# MIE-Net **Repository Path**: zxnvszyk/MIE-Net ## Basic Information - **Project Name**: MIE-Net - **Description**: No description available - **Primary Language**: Unknown - **License**: Not specified - **Default Branch**: main - **Homepage**: None - **GVP Project**: No ## Statistics - **Stars**: 0 - **Forks**: 0 - **Created**: 2024-08-31 - **Last Updated**: 2024-08-31 ## Categories & Tags **Categories**: Uncategorized **Tags**: 视频行为识别 ## README # MIE-Net: Motion Information Enhancement Network for Action Recognition ## Main Contribution While benchmark datasets in daily scenes have yielded satisfactory results in current action recognition tasks, challenges still exist in sports action recognition tasks due to action similarity.
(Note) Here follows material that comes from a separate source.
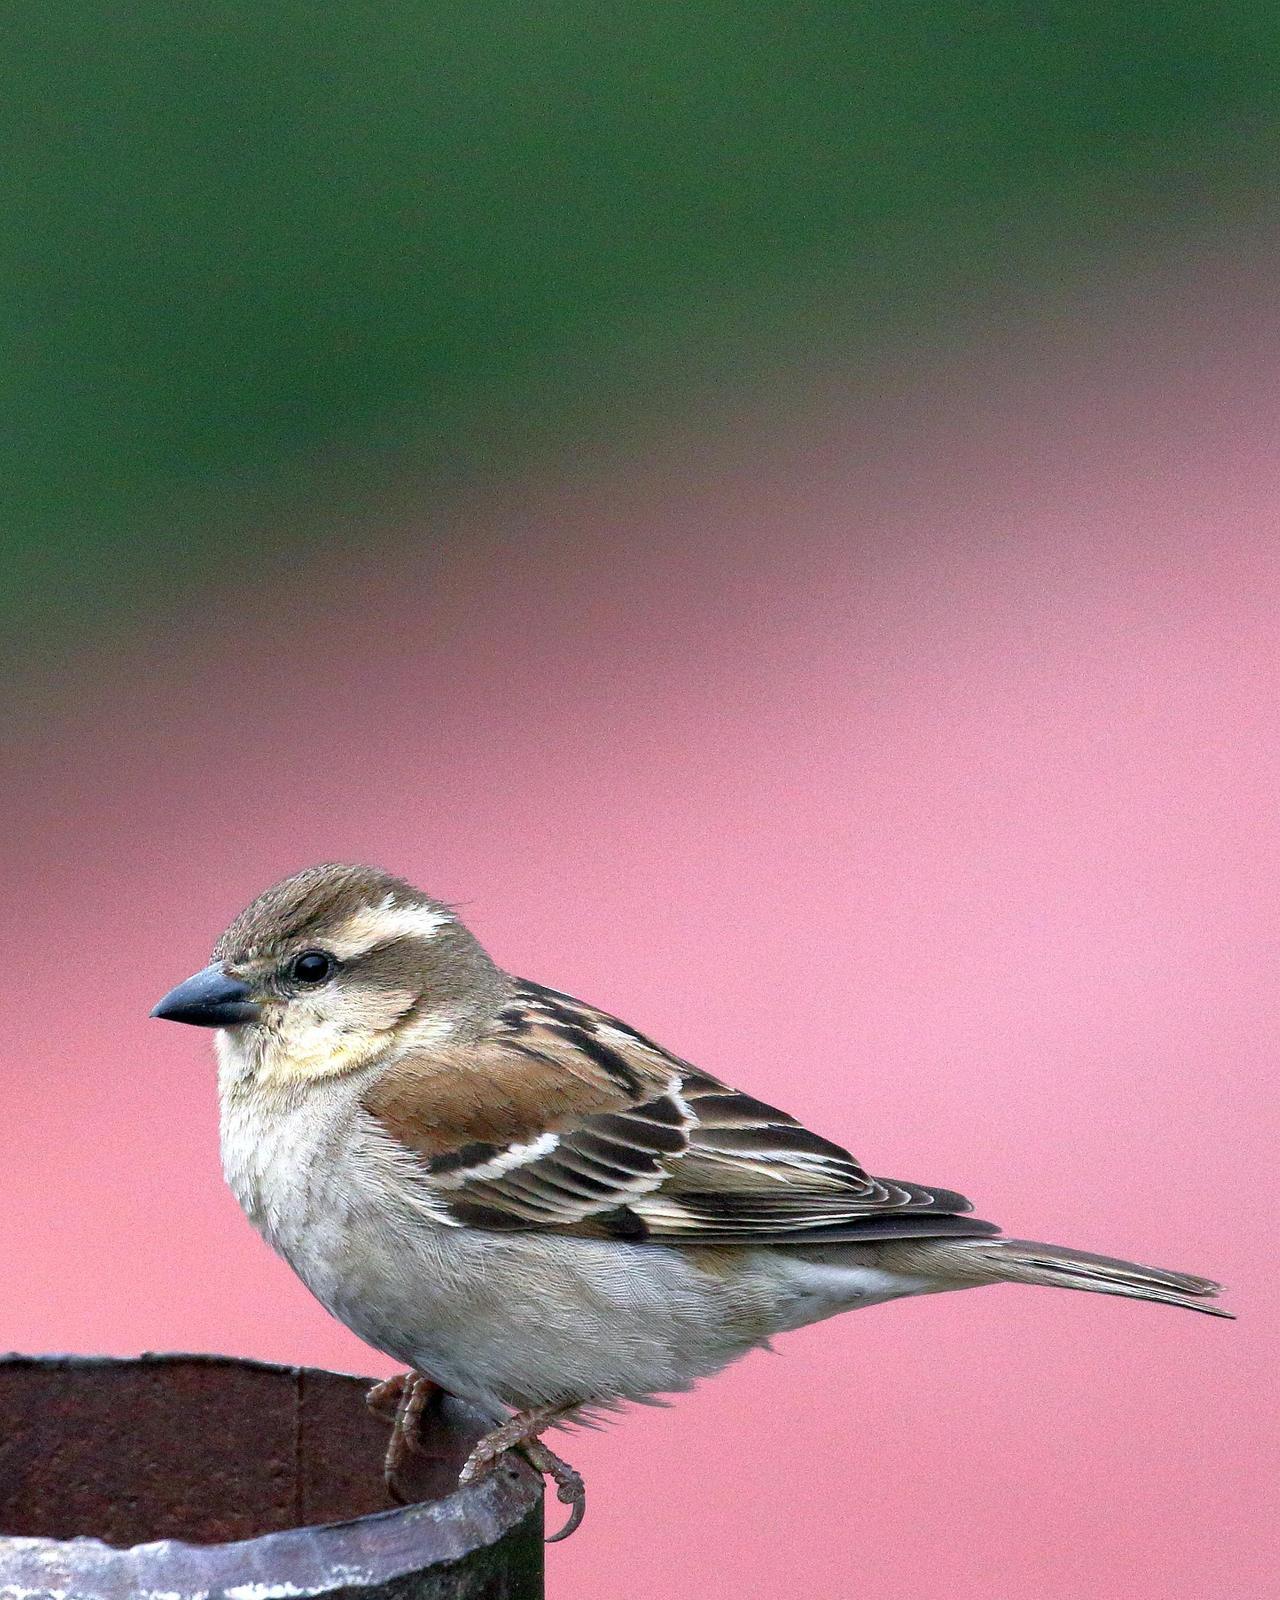 Russet Sparrow Photo by Rahul Kaushik

It is crucial for fine-grained action recognition tasks to mine dynamic motion information efficiently in videos. In this paper, we propose an **Adaptive Fusion Module** (AFM) that selectively extracts the relationships to emphasize the interaction between RGB features and motion-enhanced features and a **Double Pooling Temporal Attention Module** (DPTAM) to enhance important features by temporal modeling. Based on the above two innovative modules, we form an end-to-end video action recognition framework, namely Motion Information Enhancement Network (MIE-Net). Then, we construct a specific Standing Long Jump Dataset (SLJD), aiming at decomposing SLJ actions in a fine-grained manner. Our experimental results demonstrate superior performance in recognition accuracy and efficiency. - [Overview](#Overview) - [SLJD](#SLJD) ## Overview
Architecture
The overall architecture of Motion Information Enhancement Network (MIE-Net).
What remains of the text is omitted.